Chega-se, então, à questão dos gêneros. Para não repetir o que já foi amplamente discutido em obras aprofundadas sobre o tema, considera-se a contextualização histórica apresentada por Marques de Melo (1994), apresentando modelos de diversas partes do mundo, e a proposta feita por Marques de Melo (2012), que prevê os seguintes protótipos dos gêneros legitimados no século XXI: informativo, opinativo, interpretativo, utilitário e diversional. Conforme mencionado mais adiante, se por um lado muitos podem argumentar que é impossível se fazer uso da parresía no jornalismo diário, principalmente através da notícia – aprofundada por autores como Lage (2006) e Pereira Junior (2006) – é, sim, possível se praticar a parresía em outros tipos de textos jornalísticos, como os que se enquadram no gênero proposto por Marques de Melo (2012) chamados de opinativo e interpretativo. Dizer que a parresía é inaplicável ao jornalismo é reduzir a atuação dos jornalistas à função de escrever notícias curtas e diárias. A classificação de gêneros prevê outros tipos de textos além dos publicados diariamente nos jornais ou no formato contemporâneo do minuto a minuto do mundo online. Dentre as outras possibilidades, destacam-se a grande reportagem, o jornalismo literário, a crônica, dentre outros. Aliás nesses textos mais longos pode ser explorado com mais clareza um dos principais elementos ideológicos do jornalismo, que está diretamente ligado à ideia de parresía: a fala franca. “A melhor preparação para a função jornalística será certamente jogada ao lixo se não for acompanhada de rigorosa honestidade no trabalho jornalístico” (ROSSI, 1984, p. 78).

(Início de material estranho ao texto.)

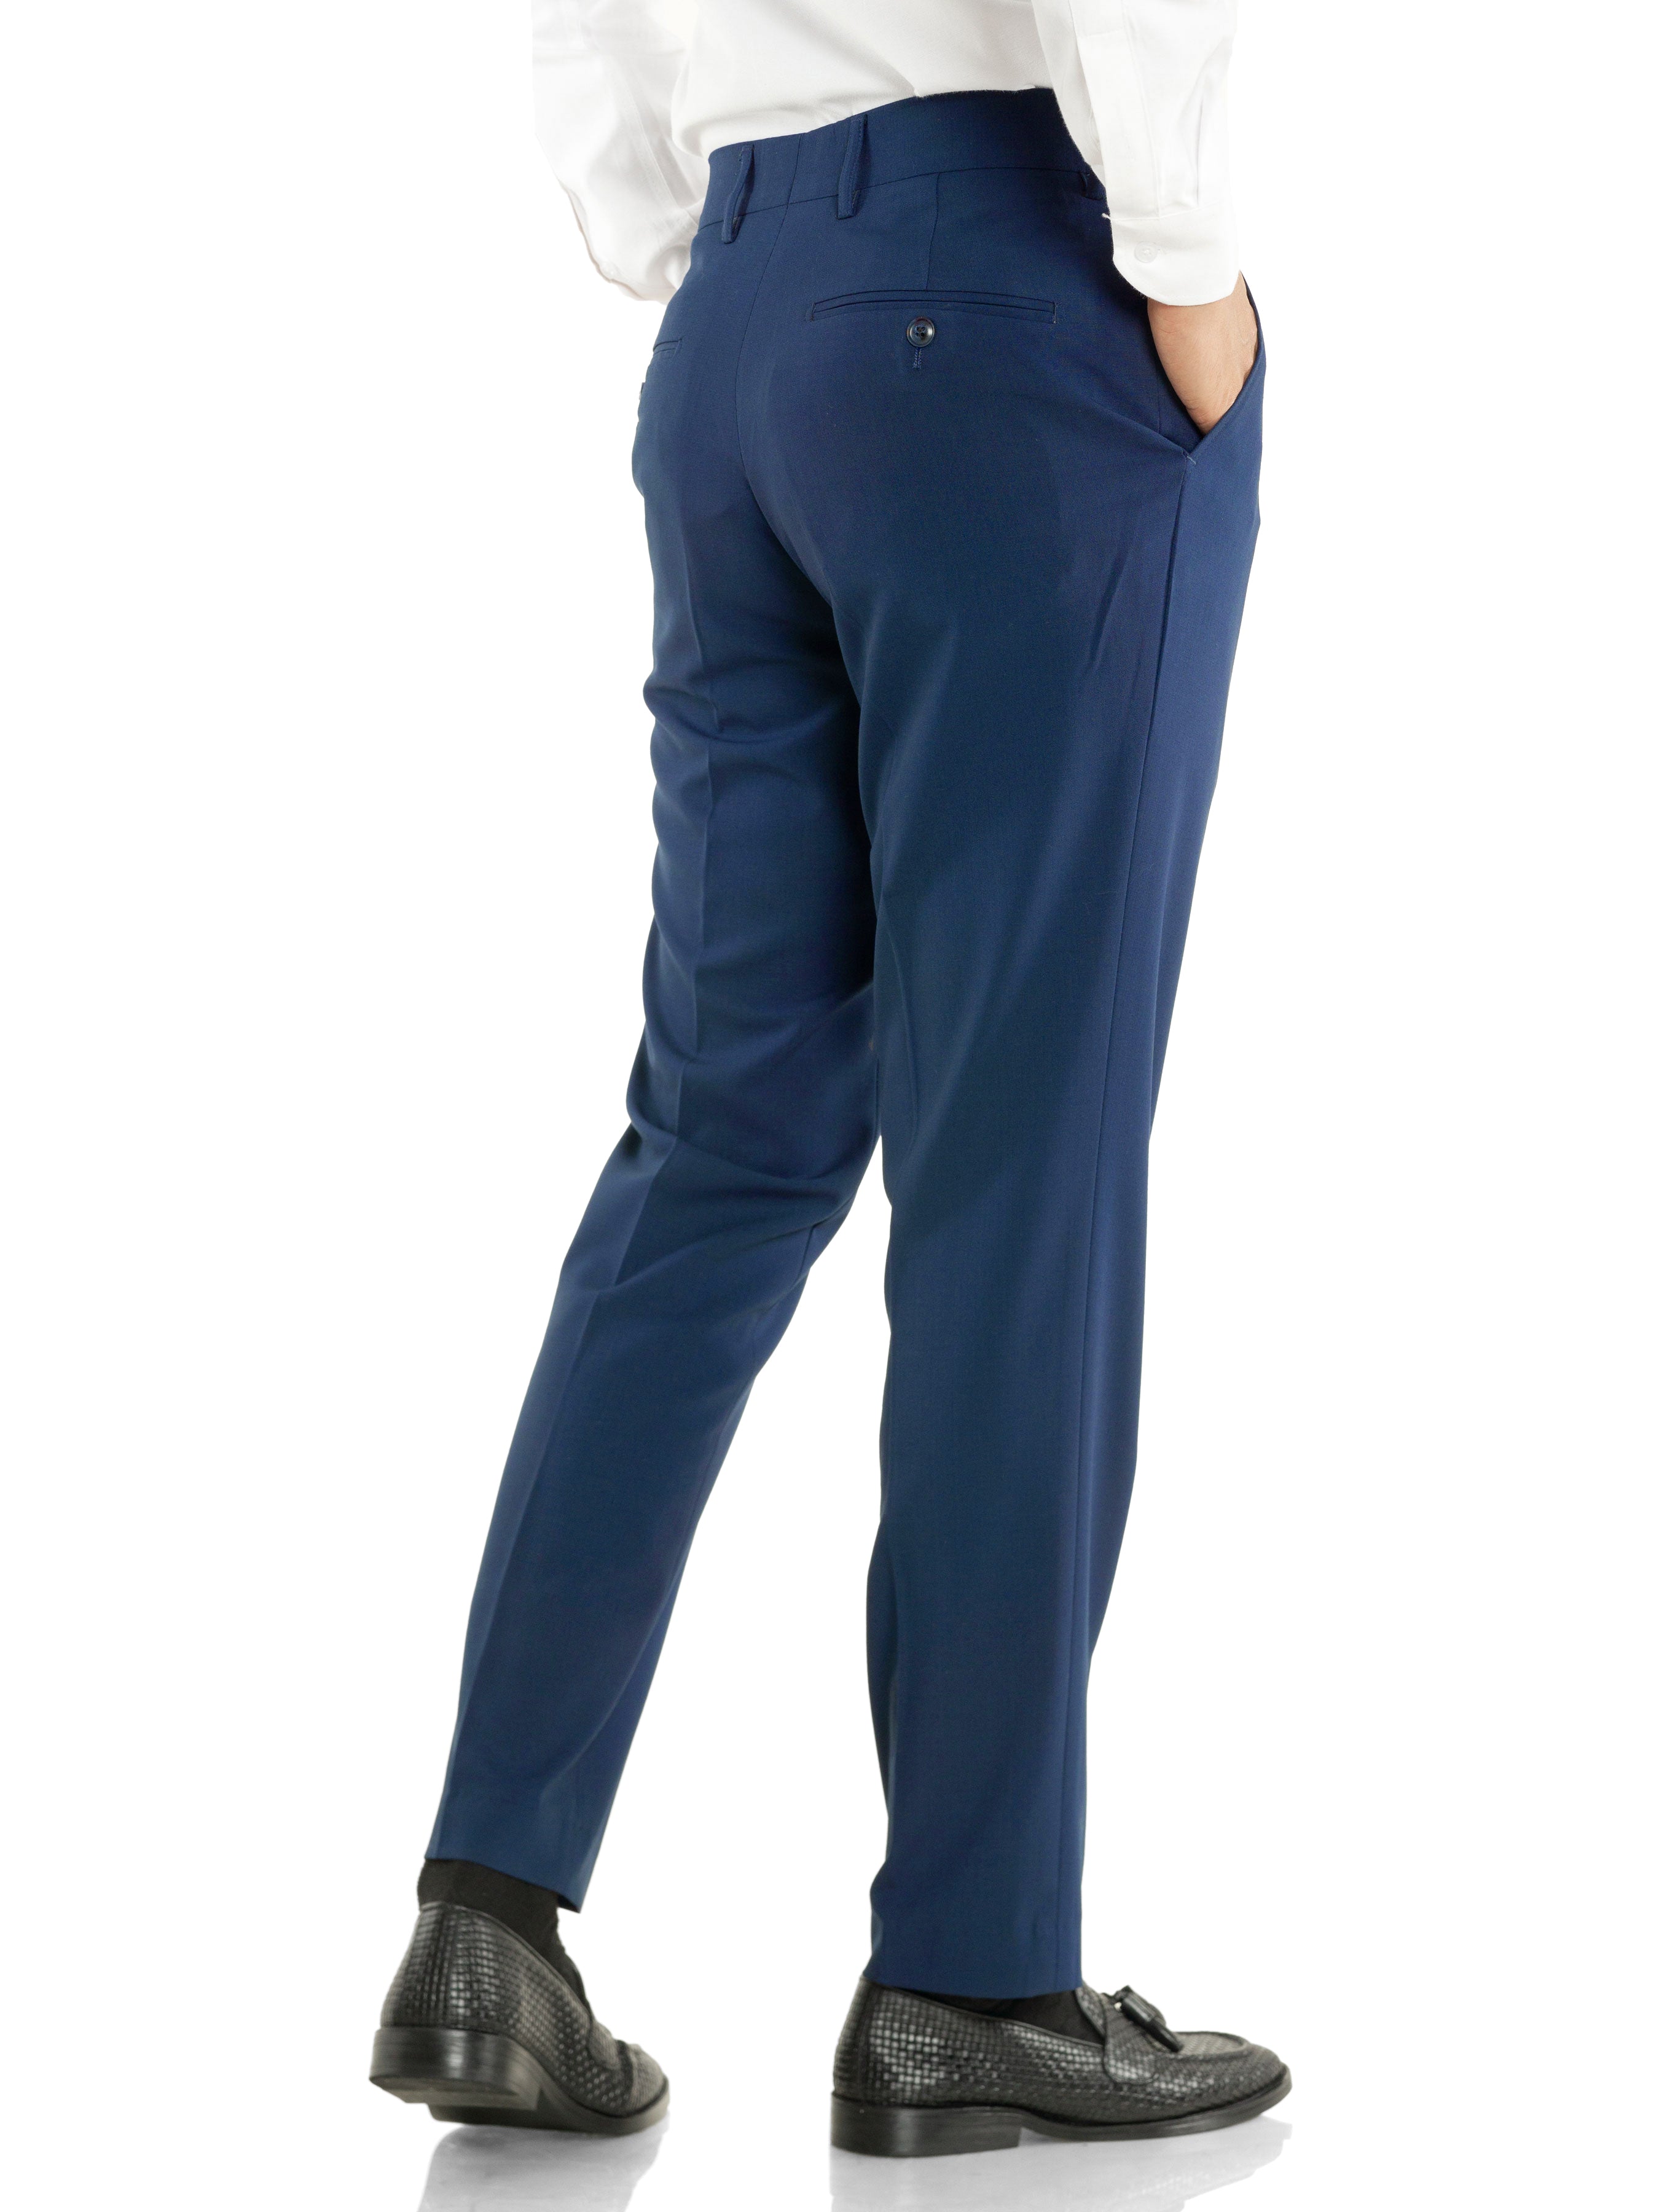 Trousers With Belt Loop - Royal Blue Plain (Stretchable)
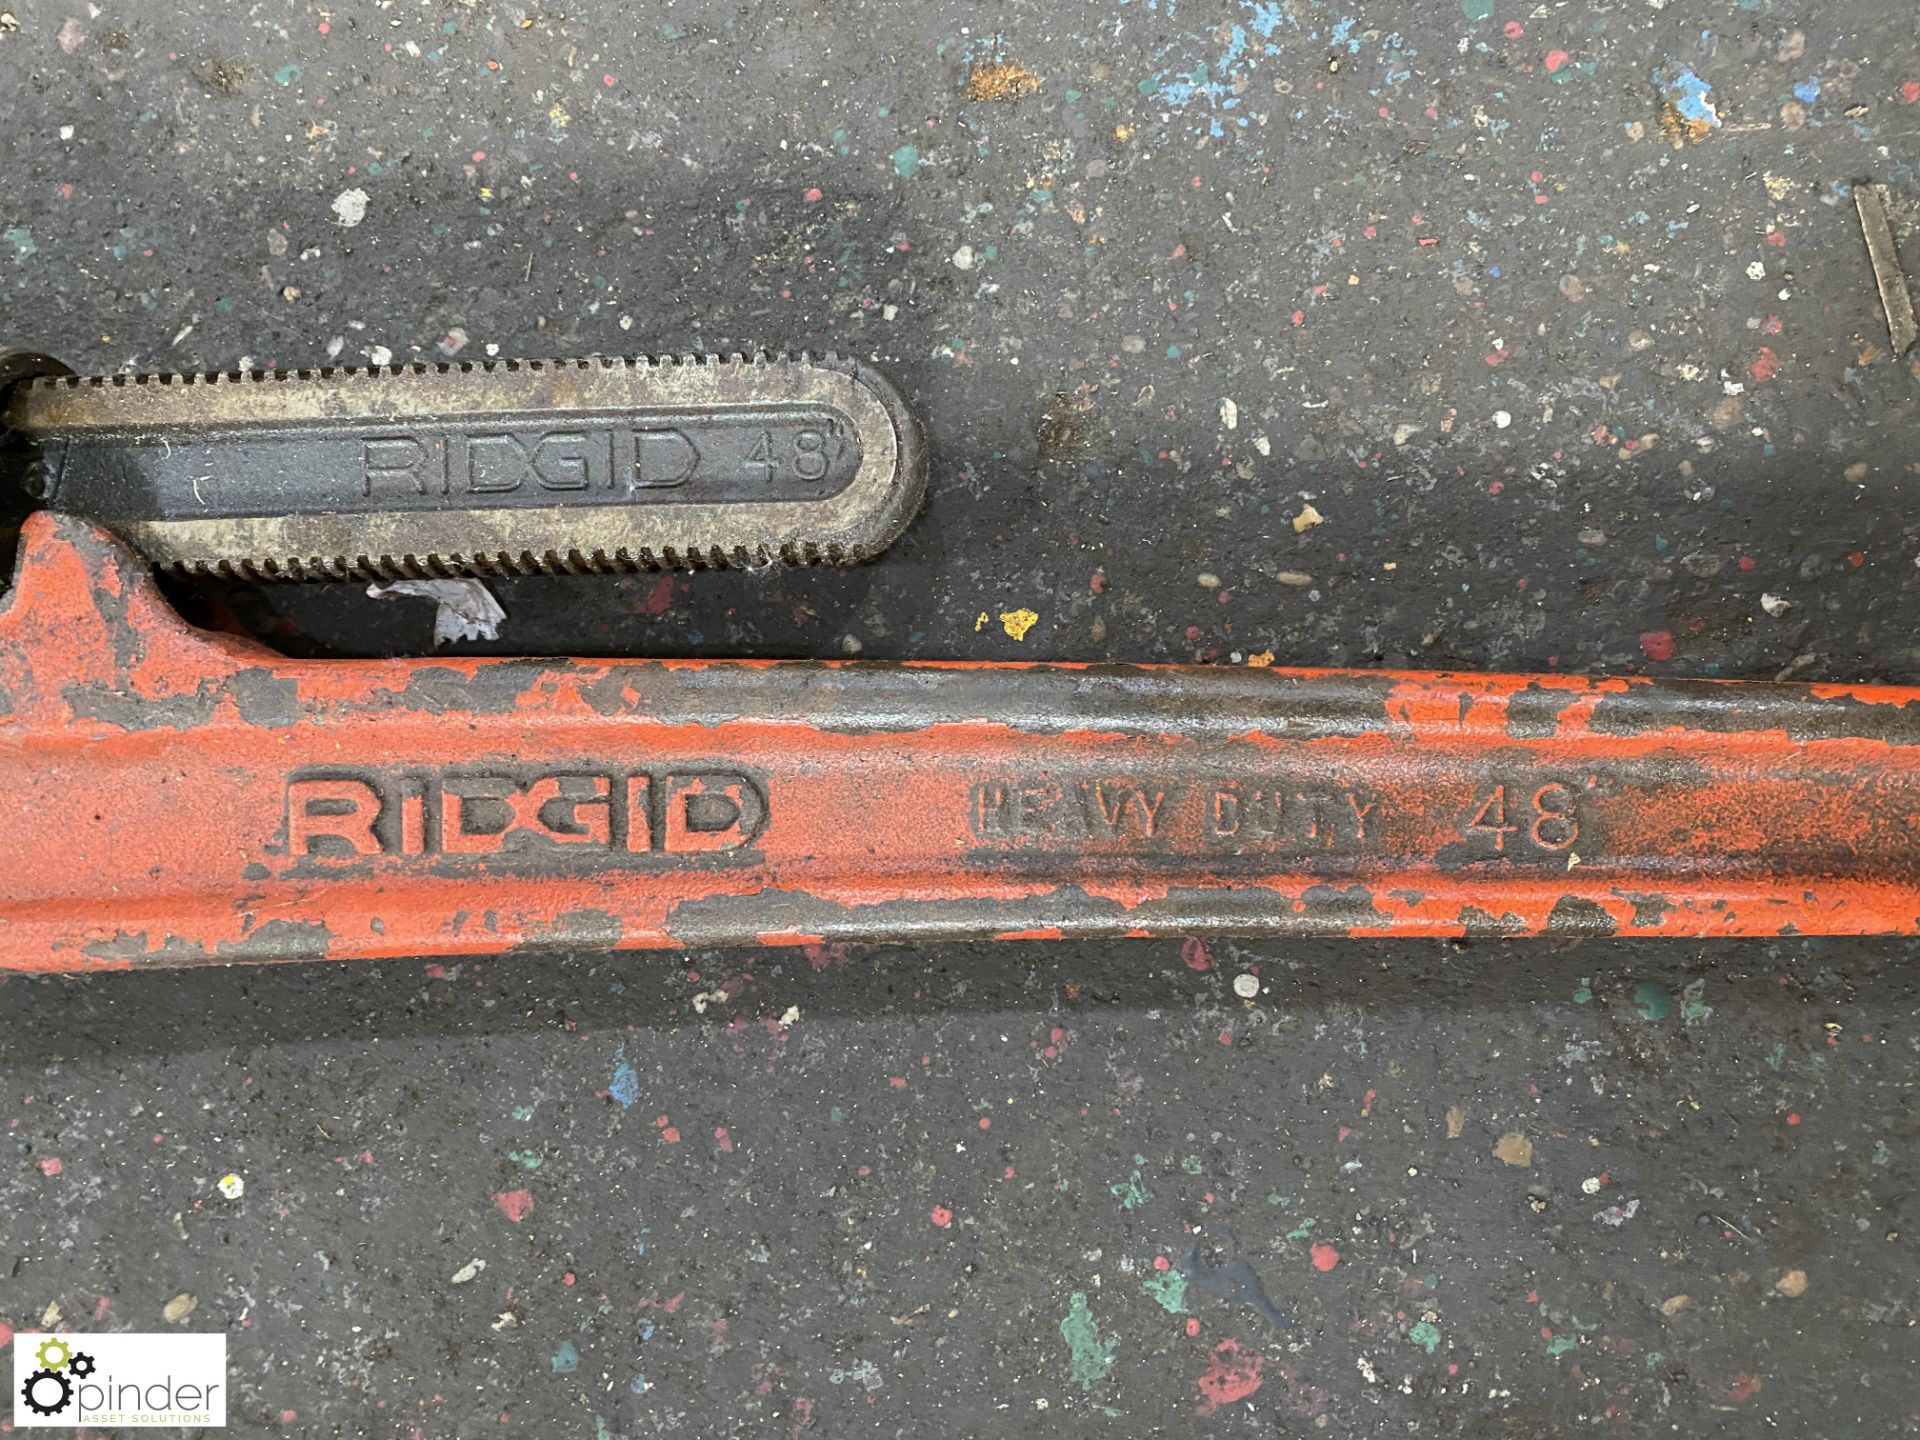 Ridgid heavy duty Pipe Wrench, 48in - Image 2 of 3

Apresentada essa breve reflexão sobre o jornalismo, mais no sentido de justificar a aplicação do conceito da parresía ao discurso que pode ser proferido por jornalistas, a seguir é feita a proposta de conceitualização de parresía jornalística. Já para tratar dos dois estilos que considero mais propícios para a prática desse discurso parresiastico no jornalismo, que são a reportagem e o jornalismo literário, as reflexões de conceitualização e teorização ocorrem no momento em que, na contextualização histórica, esses tipos de textos são abordados, pois considero mais produtivo fazer tais considerações ao mesmo tempo em que são apresentados os exemplos históricos.